How can GPs prevent burnout?

24 Oct 2019

AUTHORS

Professor Sir David Haslam CBE FRCGP, Chair NICE,Past President BMA, Past President RCGP

Article

My dad was a GP. He practised for almost his entire career in our family home, with my mother as his dispenser and receptionist, and eventually my brother and brother-in-law as his partners. That was a form of practice that has now pretty well died out.

I practised in a purpose-built and state-owned health centre with an ever increasing number of partners (none of them related to me), along with an extensive primary healthcare team. I was a partner, initially the junior and ultimately the senior, and stayed in the same practice for 36 years.

This pattern of staying put in a single location is no longer necessarily the norm, but it still highlights the fact that for far too long general practice has had no real career structure, unless individual GPs invent it for themselves. It is still possible to do the same job, at the same desk, with the same patients for more than 35 years.

For many, this alone will be an immensely rewarding life, linked to a community and with the satisfaction of genuine long-term continuity of care. However, for others, it can be a recipe for burnout and disillusionment.

Right from the first week of my career in general practice, I knew that I needed to be doing something else as well. I used to feel immensely guilty about this, despite the fact that many years ago, research had shown that burnout and stress tended to be significantly less in GPs who did not work full time in the front line.  The guilt came from a genuine belief — that I still hold — that general practice is one of the most challenging and satisfying ways of practising medicine, but it somehow felt deeply hypocritical to believe that it wasn’t quite enough.
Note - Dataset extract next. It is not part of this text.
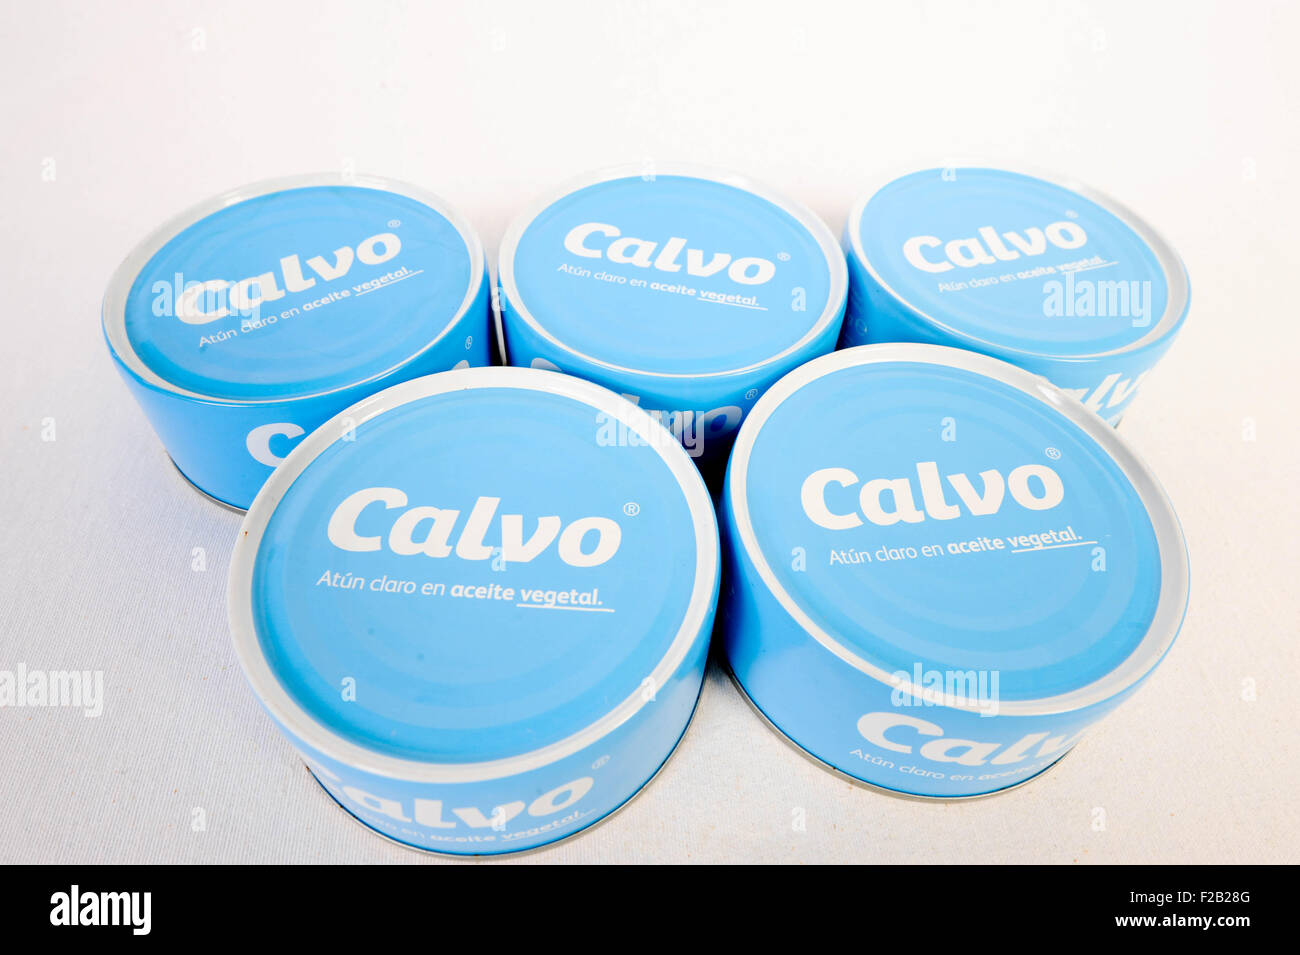 Array of tuna, Calvo - serie de atún, clavo - Stock Image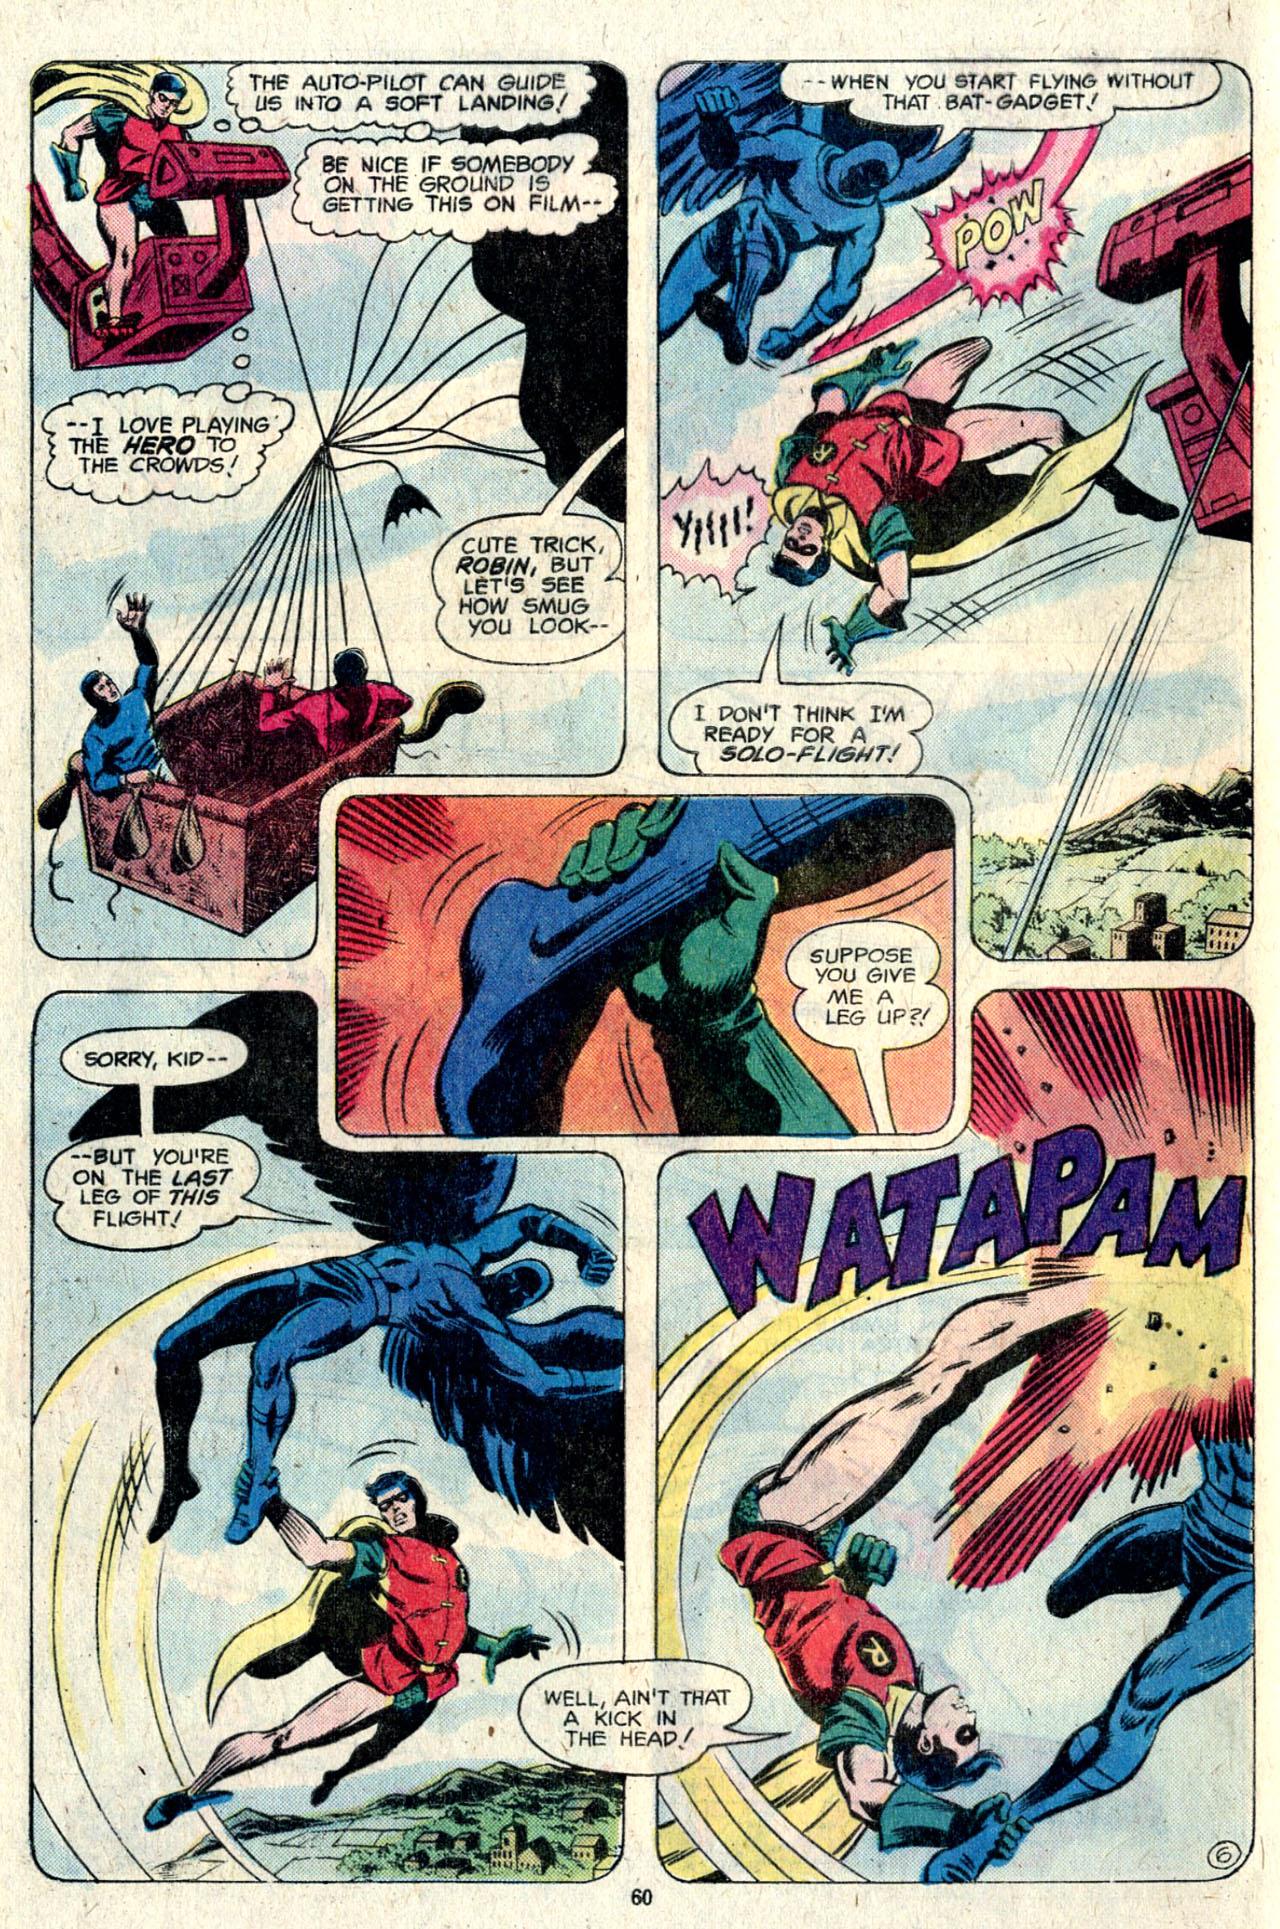 Detective Comics (1937) 482 Page 60

Then one day I was at a local doctors’ discussion meeting, and a young colleague made an important observation. ‘General practice,’ he said, ‘sometimes feels exactly like a baby that won’t stop crying. It’s not that you don’t love it, any more than you don’t love your crying child. It’s just that every now and then you really do need a break from it.’

As a result of this enlightening observation my guilt faded, and I moved through a series of special interests that gave variety to my working week.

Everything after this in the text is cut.